When a liquid is deposited on top of an interferometer, the light and the surface plasmons propagate through that liquid before they interfere with each other, altering the interference patterns picked up by the detector depending on the chemical makeup of the liquid or compounds present in it. By using different sizes of groove rings around the hole, interferometers can be tuned to detect the signature of specific compounds or molecules. With the ability to put many differently tuned interferometers on one chip, engineers can hypothetically make a versatile detector.

Up to now, all plasmonic interferometers have required the use of highly specialized external light sources that can deliver coherent light, the researchers said. Without coherent light sources, the interferometers can’t produce usable interference patterns. Coherent light sources tend to be bulky, expensive, and require careful alignment and periodic recalibration to obtain a reliable optical response.

In the Brown team’s device, incoherent light was shone on the interferometer, causing the fluorescent atoms inside the center hole to generate surface plasmons. Those plasmons propagated outward from the hole, bounced off the groove rings and propagated back toward the hole after. Once a plasmon propagated back, it interacted with the atom that released it, causing an interference with the directly transmitted photon. Because the emission of a photon and the generation of a plasmon were indistinguishable — alternative paths originating from the same emitter — the process is naturally coherent. Interference can therefore occur even though the emitters were excited incoherently, the researchers said.

"The important thing here is that this is a self-interference process," Pacifici said. "It doesn't matter that you're using incoherent light to excite the emitters, you still get a coherent process."

In addition to eliminating the need for specialized external light sources, the approach has several advantages, Pacifici said. Because the surface plasmons traveled out from the hole and back again, they probed the sample on top of the interferometer surface twice, making the device more sensitive.

Additionally, external light can be projected from underneath the metal surface containing the interferometers instead of from above, which eliminates the need for complex illumination architectures on top of the sensing surface, which could make for easier integration into compact devices.

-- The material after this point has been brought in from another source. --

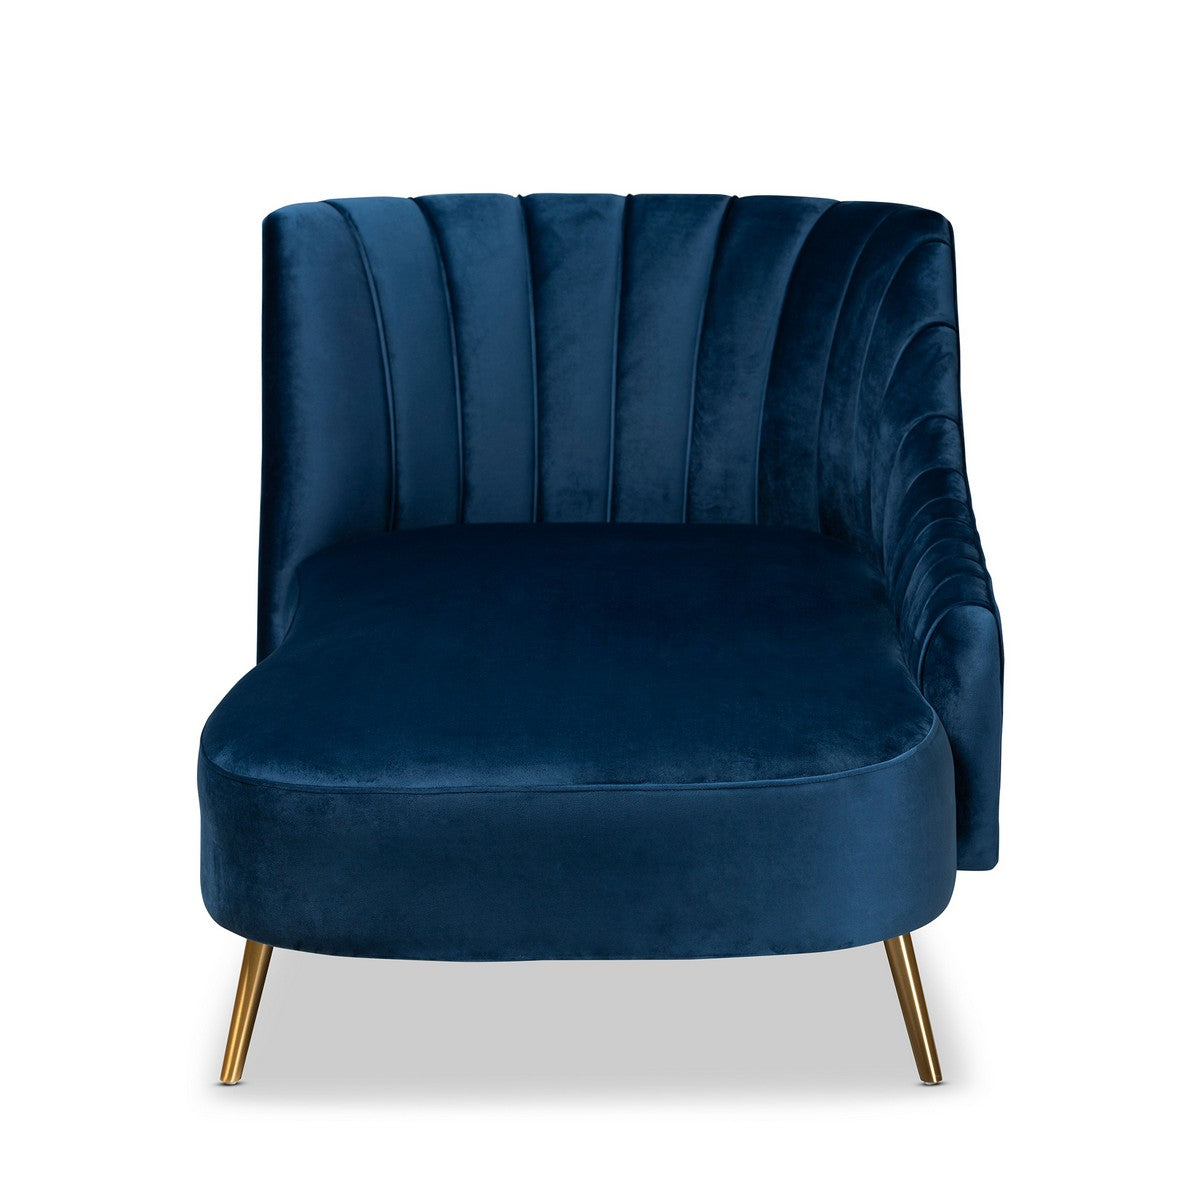 Baxton Studio Kailyn Glam and Luxe Navy Blue Velvet Fabric Upholstered and Gold Finished Chaise

The embedded light emitters also eliminated the need to control the amount of sample liquid deposited on the interferometer's surface. Large droplets of liquid can cause lensing effects, a bending of light that can scramble the results from the interferometer. Most plasmonic sensors make use of tiny microfluidic channels to deliver a thin film of liquid to avoid lensing problems. But with internal light emitters excited from the bottom surface, the external light never comes in contact with the sample, so lensing effects are negated, as is the need for microfluidics, the researchers said.

The internal emitters also produced a low intensity light, useful for probing delicate samples such as proteins than can be damaged by high-intensity light.

Pacifici and his team plan to continue to refine the idea. The next step will be to try eliminating the external light source altogether. It might be possible, the researchers said, to eventually excite the internal emitters using tiny fiber optic lines or perhaps electric current.

While still at the proof-of-concept stage, the team envisions the technique could be used to build hand-held environmental sensors that can instantly test water for lead, E. coli and pesticides all at the same time, or biosensors that can perform a complete blood workup from just a single drop.

The research was published in Nature Scientific Reports (doi: 10.1038/srep20836).